> Did you try compressing the ,v files? It seems likely that delta
> encoding and then general compression would do better than compressing
> each version individually.
I hadn't, but I have now, and you are right. In case anyone is interested,
here are the actual numbers. If anyone wants me to look at other options
(within reason) I'll be glad to do so. I'ld also be interested to run the
same analysis on other/larger repositories.
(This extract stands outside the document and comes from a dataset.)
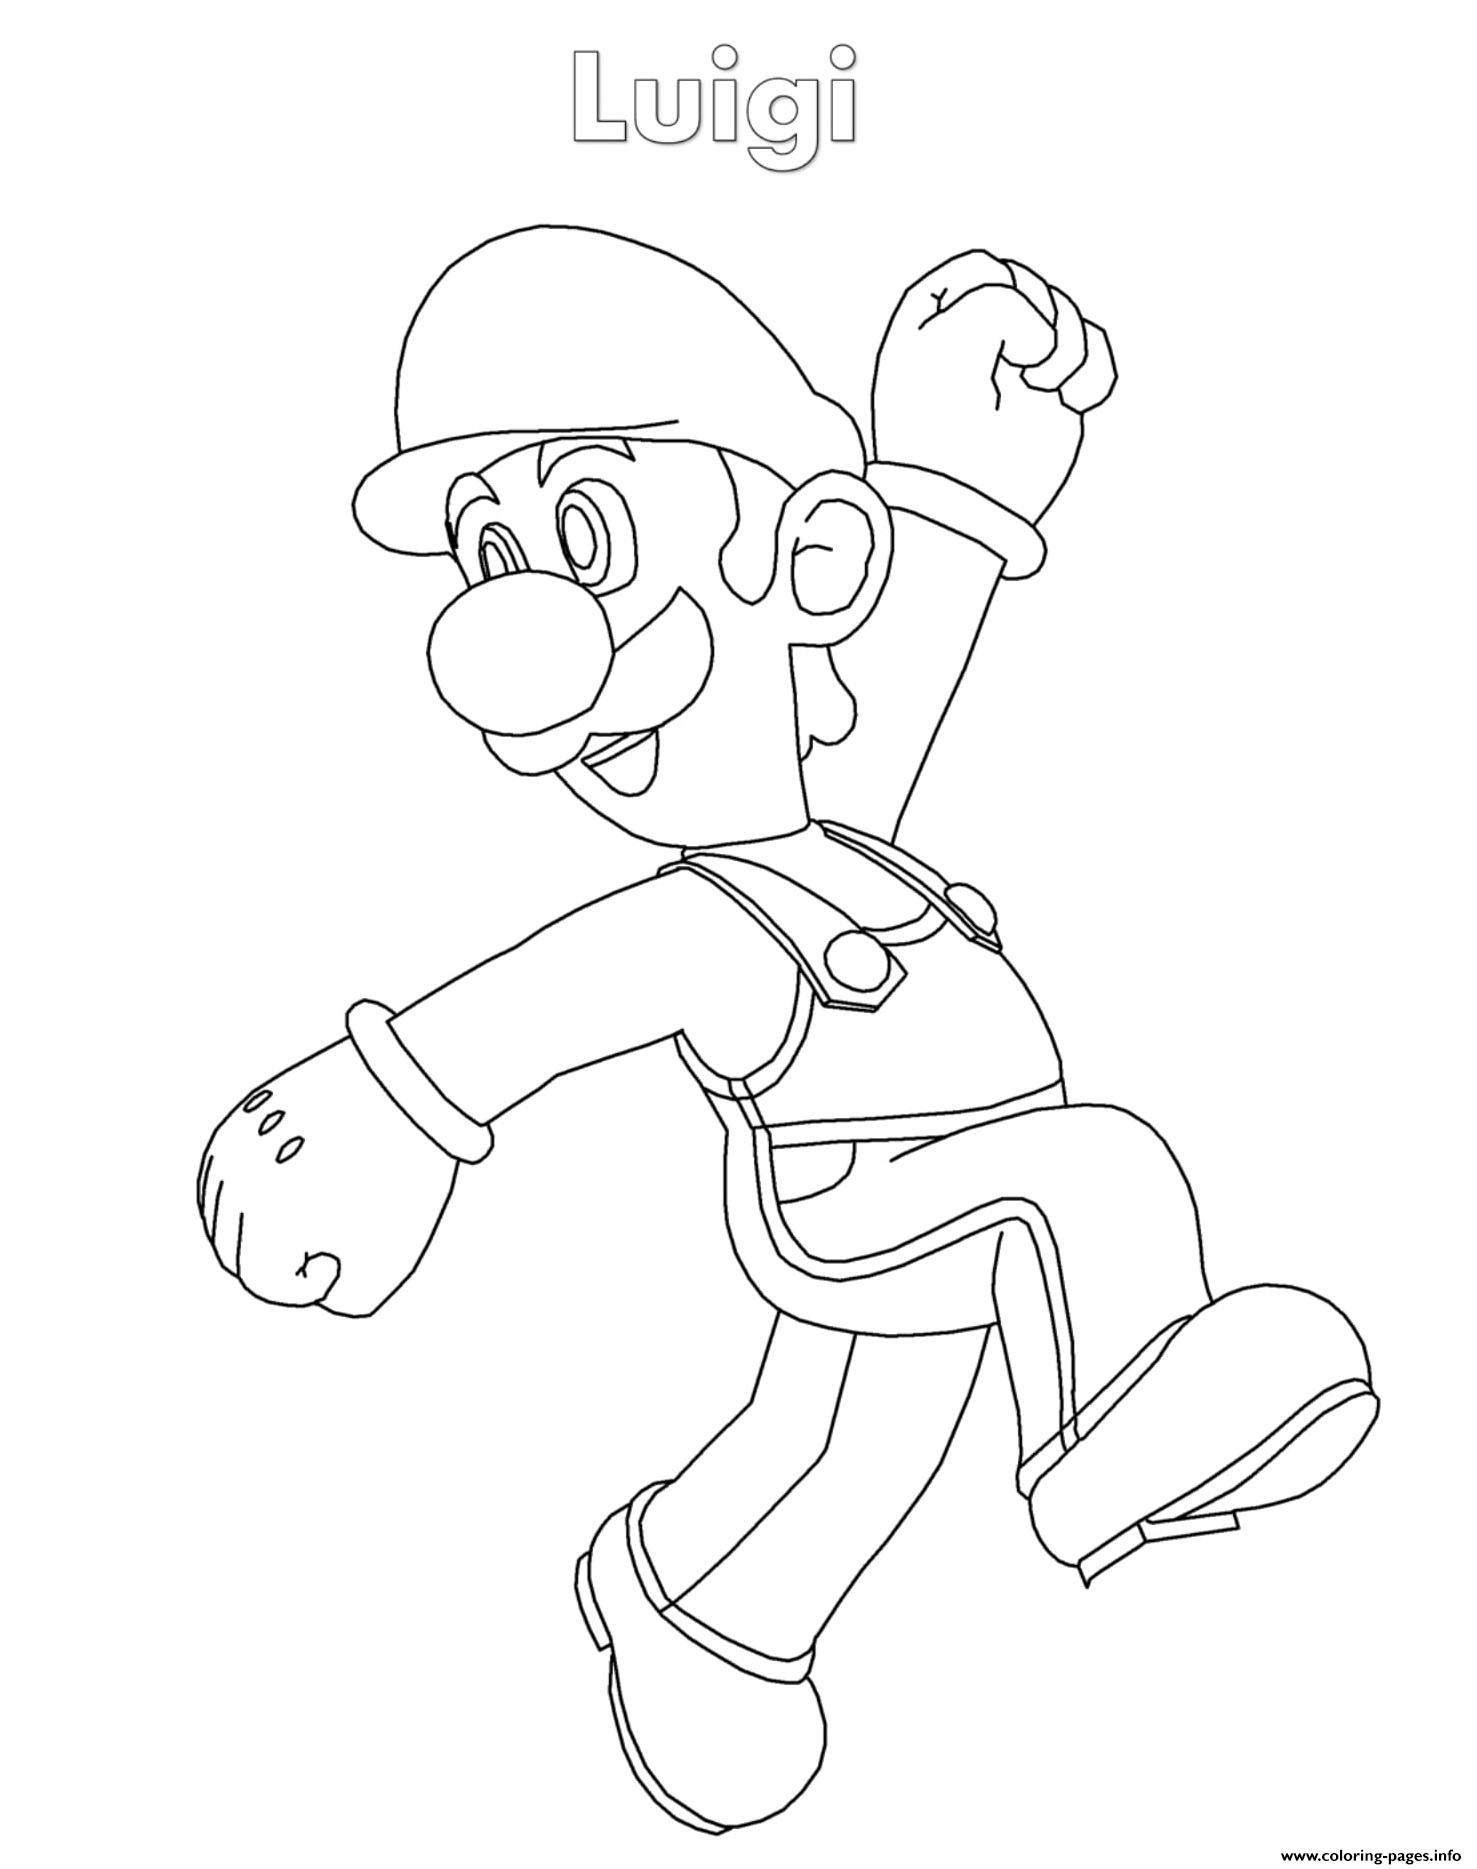 Luigi Super Mario Nintendo Coloring Pages Printable

Since I seem to have the space
at the moment, please let me know if you'ld be okay with having me duplicate
a complete repository in order to do the analysis.
In the EROS repository, there are a total of 34260 versions across 9858 RCS
files.
Output of du -sk . at the root of the tree:
Blocks Reduced to Description
67480 18.9% gzip -9 of RCS files
132594 37.3% RCS files
179276 50.4% bzip2 each version
184288 51.8% gzip -9 each version
355548 100% uncompressed
I started looking at this because I wanted to understand the value of delta
coding both on the wire and in the repository. These numbers may not
generalize to other projects, but here are my initial reactions to them:
The space savings from compressed files to uncompressed RCS is about 25%.
Perhaps it might in some cases be worth paying. Formats that separate every
version are more robust -- the fewer versions that you stream through memory
in each operation, the fewer versions there are to corrupt.
However, the further compressability of RCS files is impressive and
surprising. It suggests (to me) that there is huge amounts of repetition
across files in this repository, and that a compression scheme that built an
initial alphabet by looking across files might do considerably better than
gzip. This can certainly be done by an offline compressor.
If done by an offline compressor, the format can (with care) continue to be
self-describing in the style of normal compressed files. It's a question of
dictionary encoding.
In the context of wire transmission, this has advantages over deltas. If the
server ships the client a delta but the client doesn't have the base
version, then the whole thing needs to recurse and it soon becomes better to
have shipped the whole thing compressed in the first place. If the
compressed content is as efficient as the delta, it's better to ship
standalone compressed entities.
Indeed, one can thing of this as metadeltas -- the mutually shared
dictionary is in effect a preconditioned delta system.
Mostly just thinking out loud.
shap
Received on Sat Oct 21 14:36:07 2006